Clause exécutoire aux :

- avocats

- parties non représentées

Le

Le Greffier

REPUBLIQUE FRANCAISE

AU NOM DU PEUPLE FRANCAIS

COUR D'APPEL DE COLMAR

CHAMBRE SOCIALE - SECTION SB

ARRET DU 30 Mai 2024

Numéro d'inscription au répertoire général : 4 SB N° RG 20/01402 - N° Portalis DBVW-V-B7E-HKQM

Décision déférée à la Cour : 21 Janvier 2015 par le Tribunal des Affaires de Sécurité Sociale du [Localité 5], devenu le pôle social du Tribunal Judiciaire de STRASBOURG

APPELANT :

Monsieur [K] [T]

[Adresse 4]

[Adresse 4]

Représenté par Me Béatrice BAGUENARD, avocat au barreau de STRASBOURG, substituée par Me BOUDET, avocat au barreau de COLMAR

INTIMES :

AGENT JUDICIAIRE DE L'ETAT

[Adresse 6]

[Adresse 6]

[Adresse 6]

Représenté par Me Dominique HARNIST, avocat au barreau de COLMAR

CAISSE PRIMAIRE D'ASSURANCE MALADIE DU [Localité 5]

[Adresse 15]

[Adresse 15]

[Adresse 15]

Comparante en la personne de Mme [Y], munie d'un pouvoir

[13]

[13]

[Adresse 2]

[Adresse 2]

Représentée par Me Marc SCHRECKENBERG, avocat au barreau de STRASBOURG, substitué par Me Tess BELLANGER, avocat au barreau de COLMAR

COMPOSITION DE LA COUR :

En application des dispositions de l'article 945-1 du Code de procédure civile, l'affaire a été débattue le 28 Mars 2024, en audience publique, les parties ne s'y étant pas opposées, devant M. LEVEQUE, Président de chambre, chargé d'instruire l'affaire.

Ce magistrat a rendu compte des plaidoiries dans le délibéré de la Cour, composée de :

M. LEVEQUE, Président de chambre

Mme GREWEY, Conseiller

M. LAETHIER, Vice-Président placé

qui en ont délibéré.

Greffier, lors des débats : Mme WALLAERT, Greffier

ARRET :

- contradictoire

- prononcé par mise à disposition au greffe par M. LEVEQUE, Président de chambre,

- signé par M. LEVEQUE, Président de chambre, et Mme WALLAERT, greffier, auquel la minute de la décision a été remise par le magistrat signataire.

* * * * *

FAITS ET PROCEDURE

Le 5 juillet 2012, M. [K] [T], né le 16 août 1995, élève au lycée [10] à [Localité 14] et alors en stage auprès de la société [9] à [Localité 11] a été victime d'un accident reconnu comme accident du travail par la caisse primaire d'assurance maladie (CPAM) du [Localité 5].

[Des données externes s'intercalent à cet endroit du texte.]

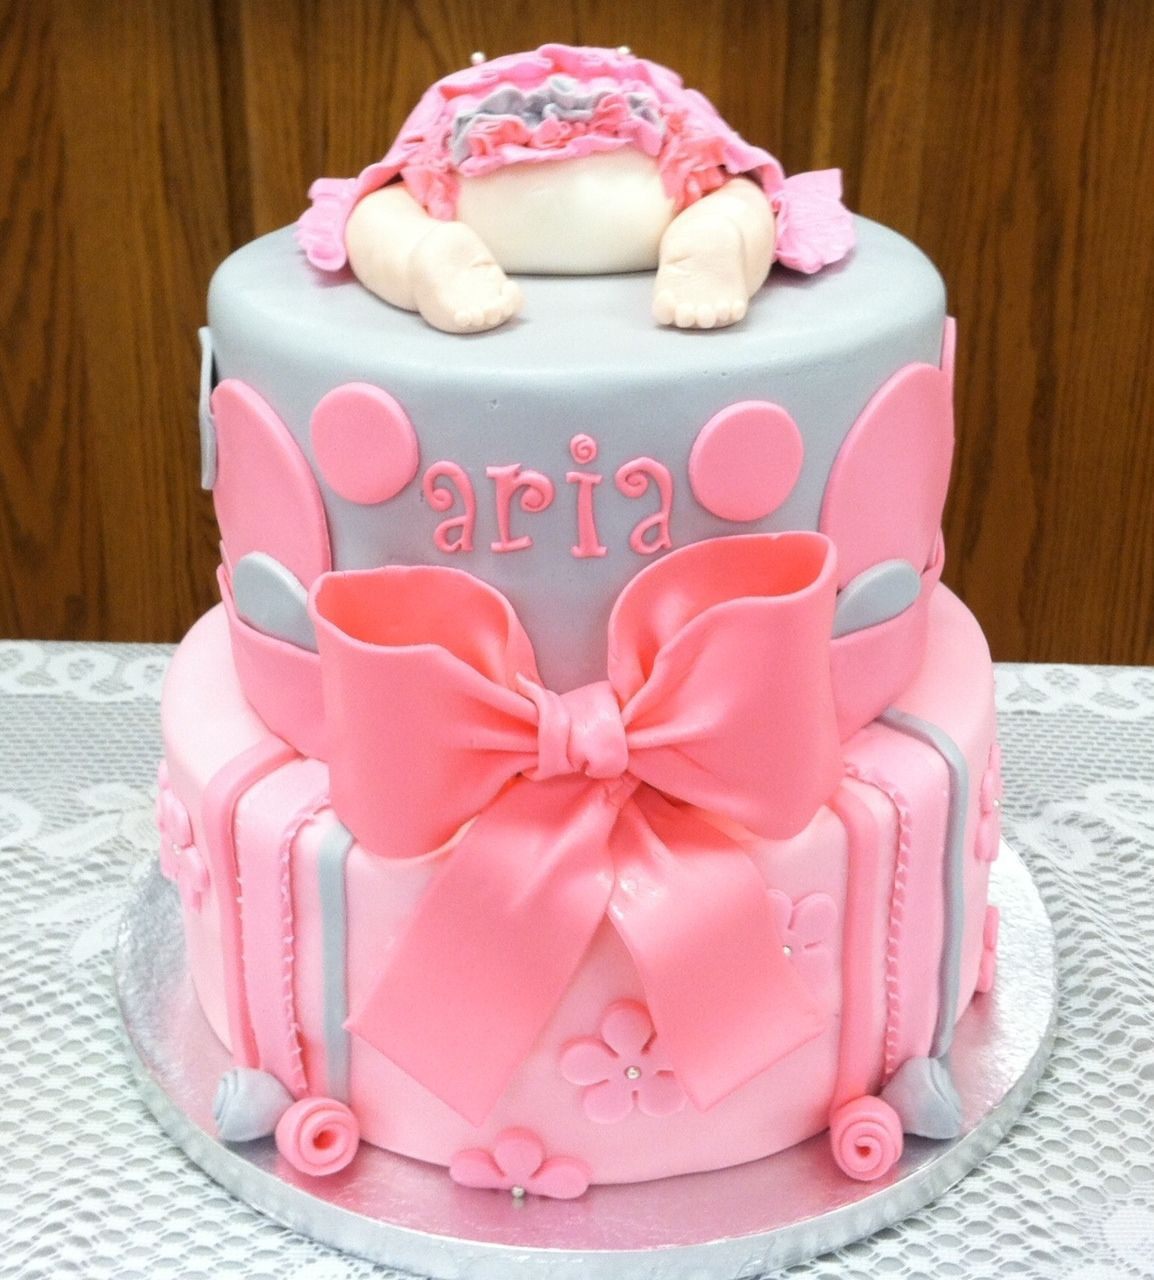 Easy Cake Decorating Ideas For Baby Shower
 Ruffled rump Baby shower cake covered in fondant She is

Prenant des photos pour son rapport de stage, il a posé la main sur la scie à ruban, laquelle lui a sectionné plusieurs doigts de la main gauche.

Estimant que l'accident était dû à la faute inexcusable de l'entreprise, M. [T] représenté par ses parents a saisi le tribunal des affaires de sécurité sociale du [Localité 5] le 7 février 2014.

La société [13] ([13]), assureur de la responsabilité civile du lycée [10] contre lequel l'instance a été introduite, est intervenue volontairement à l'instance.

L'agent judiciaire de l'Etat est intervenu volontairement à l'instance en lieu et place du lycée [10].

La société [9] et la CPAM du [Localité 5] ont été appelées à l'instance.

Par jugement du 21 Janvier 2015, le tribunal des affaires de sécurité sociale du [Localité 5] a déclaré la demande de M. [K] [T] à l'encontre de la SAS société d'exploitation des Etablissements [9] irrecevable, a débouté M. [T] de ses demandes et a rejeté toute autre conclusion.

Sur appel de M. [K] [T], la cour de céans, par arrêt du 21 décembre 2017, a :

- déclaré l'appel recevable,

- infirmé le jugement entrepris,

- statuant à nouveau, mis hors de cause le lycée [10] de [Localité 14],

- dit que l'accident du travail dont a été victime M. [K] [T] le 5 juillet 2012 résulte de la faute inexcusable de l'employeur,

- ordonné une expertise médicale de M. [K] [T] confié au docteur [J],

- fixé à 600 euros les frais d'expertise et dit que l'avance de cette somme devra être faite par la CPAM du [Localité 5] qui pourra en récupérer le montant sur l'employeur l'agent judiciaire de l'Etat,

- condamné l'agent judiciaire de l'Etat à rembourser à la CPAM du [Localité 5] les sommes qu'elle sera amenée à avancer en application de l'article L452-3 du code de la sécurité sociale,

- condamné la SAS [9] à garantir l'agent judiciaire de l'Etat de l'intégralité des conséquences résultant de la faute inexcusable de l'employeur,

- déclaré l'arrêt commun et opposable à la CPAM du [Localité 5],

- réservé les droits de M. [T], renvoyé l'examen de l'affaire à une audience ultérieure et dit qu'il sera statué ultérieurement sur l'application de l'article 700 du code de procédure civile.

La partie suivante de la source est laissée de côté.